ArcticUrchin − I’ve been checking your profile for an update to this every half an hour... and you did not disappoint!. What a great dad, and a lucky son. Maybe son-in-law soon too?!

Thom_05 − Oh, you don’t have to say it wasn’t what we expected it to be/ not exciting. That was amazing! This has made my day and will most likely make my week! My family isn’t the best when it come to homosexuality, so I am so glad that you are one of the many parents that care about the LGBTQ+ community.

I came out when I was 13, (now 15), and it didn’t go so well. That’s okay. Parents have the right to give their own opinions as well as any one of us do. I just want to say that you did the right/best thing for your son and his boyfriend. I will be praying over you guys, good night :)

codefinder64 − Hell yeah my guy. Way to be!

msnoobhere − This is amazing!!!! What a great ending to this story <3. Thank you so much for being a great example of what good parenting should be.

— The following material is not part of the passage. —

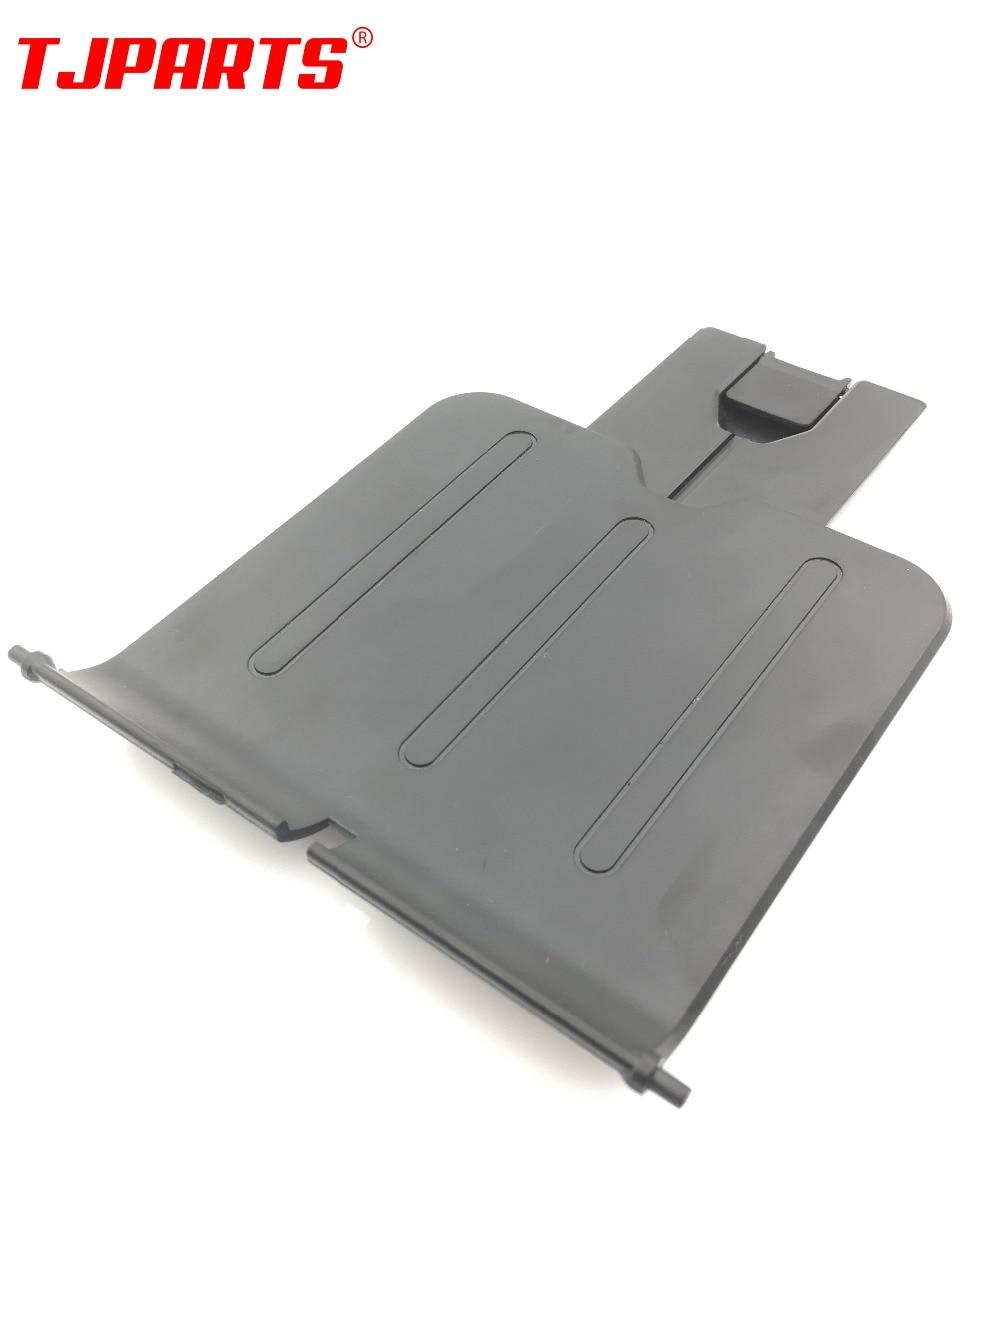 1X RM1-6903-000 Бумага Выход лоток для hp P1102 P1102w P1102s M1536 P1005 P1006 P1007 P1008 P1106 P1108 P1109 P1607

These cheers sparkle with joy, but do they miss the boyfriend’s deeper wounds? Maybe this family’s story holds more healing than Reddit’s applause catches.

This father’s journey from suspicion to celebration shows love can transform a home into a sanctuary. His embrace of his son’s boyfriend, despite past struggles, is a beacon of hope. Whether you’d write a note or host a Pride party, this tale asks: How would you help a loved one feel truly seen? Share below—have you ever created a safe space for someone’s truth, and how did it unfold?